Gigahertz frame rate imaging of charge-injection dynamics in a molecular light source

TL;DR

This paper demonstrates gigahertz frame rate imaging of charge-injection dynamics in a molecular light source using scanning tunneling microscopy induced luminescence, revealing sub-nanosecond electron capture processes.

Contribution

It introduces a novel method to image molecular emitters and their charge dynamics at gigahertz frame rates with sub-nanosecond resolution.

Findings

Charge capture occurs in the low-nanosecond regime.

Imaging reveals fixed emitter location with tip-modified charge injection.

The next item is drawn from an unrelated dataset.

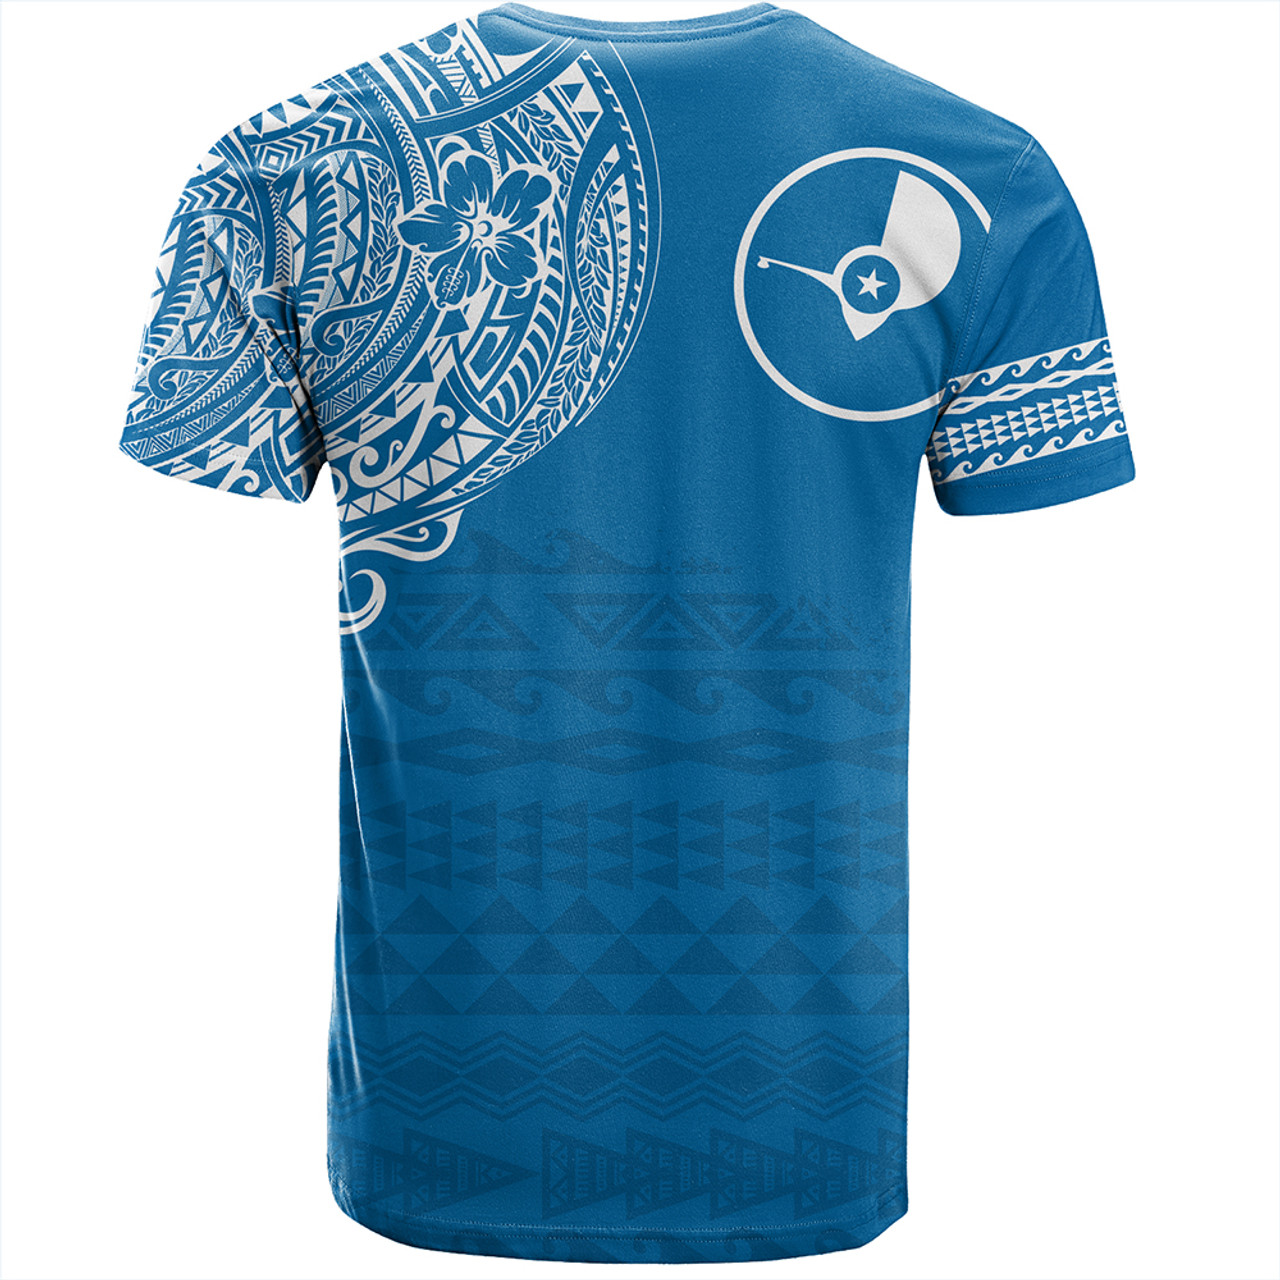 Yap State T-Shirt Polynesian Flag With Coat Of Arms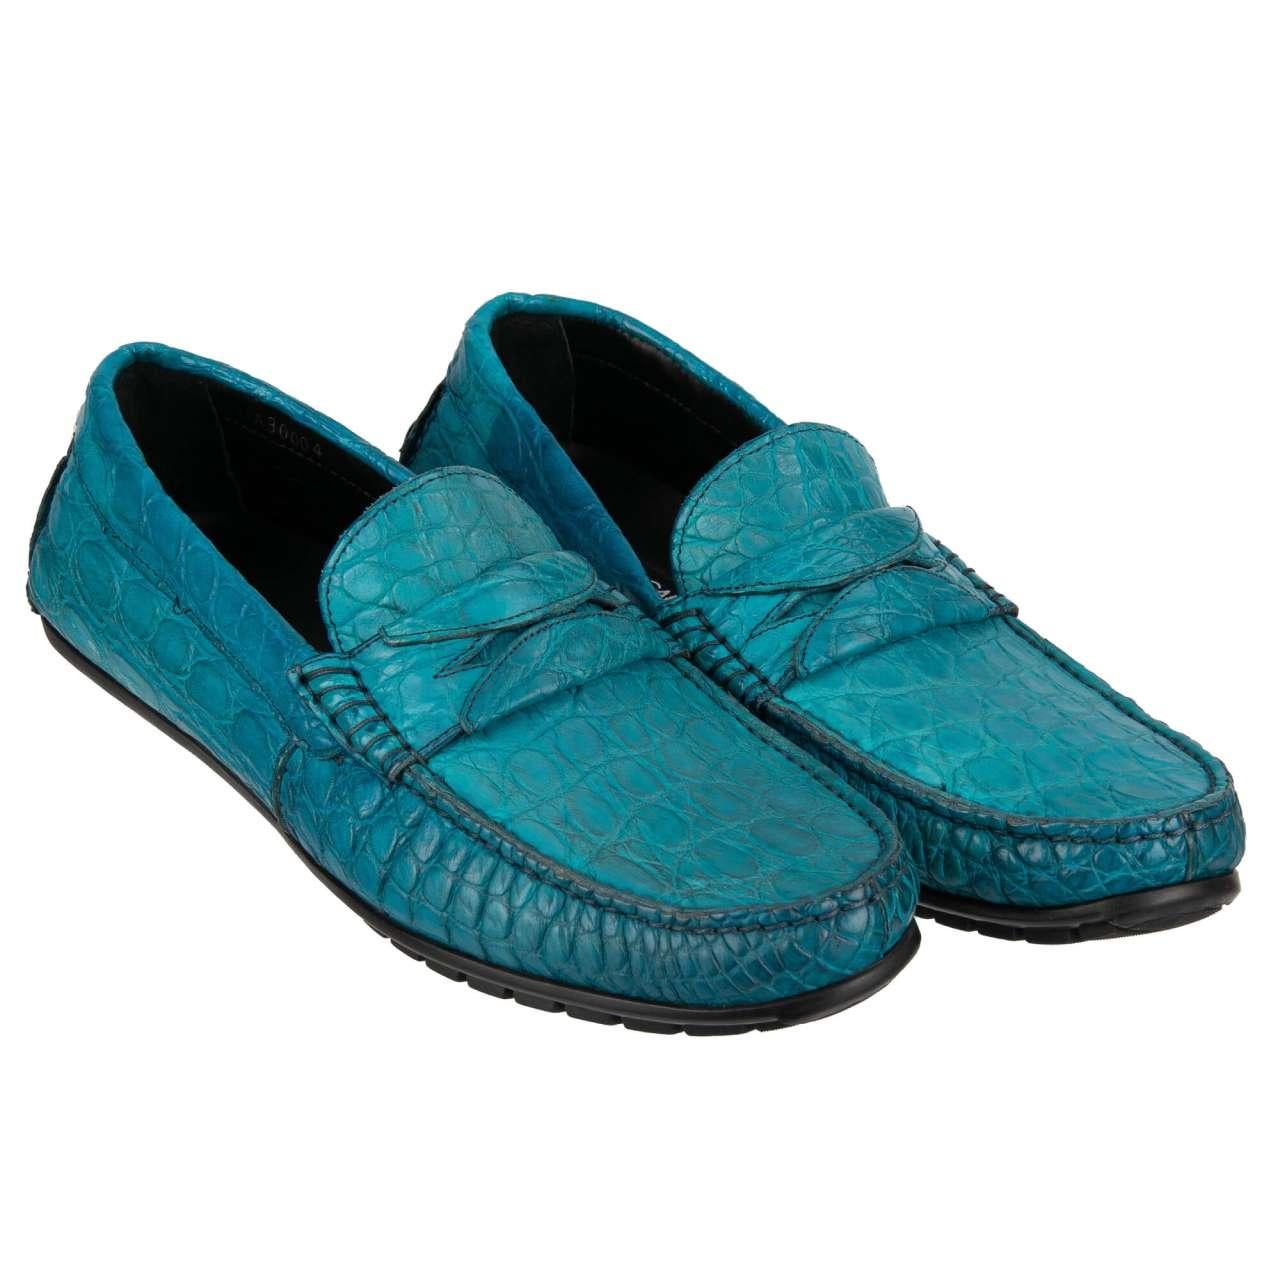 - Very exclusive and rare, crocodile leather loafer shoes in turquoise blue by DOLCE & GABBANA - MADE IN ITALY - Former RRP: EUR 4.750 - New with Box - Model: A30004-A2D60-80621 - Material: 100% Caimano - Sole: Leather - Color: Blue - Leather

Method extends to fundamental processes like exciton diffusion.

Abstract

Light sources on the scale of single molecules can be addressed and characterized on their proper sub-nanometer scale by scanning tunneling microscopy induced luminescence (STML). Such a source can be driven by defined short charge pulses while the luminescence is detected with sub-nanosecond resolution. We introduce an approach to concurrently image the molecular emitter, which is based on an individual defect, with its local environment along with its luminescence dynamics at a resolution of a billion frames per second. The observed dynamics can be assigned to the single electron capture occurring in the low-nanosecond regime. While the emitter's location on the surface remains fixed, the scanning of the tip modifies the energy landscape for charge injection to the defect. The principle of measurement is extendable to fundamental processes beyond charge transfer like exciton diffusion.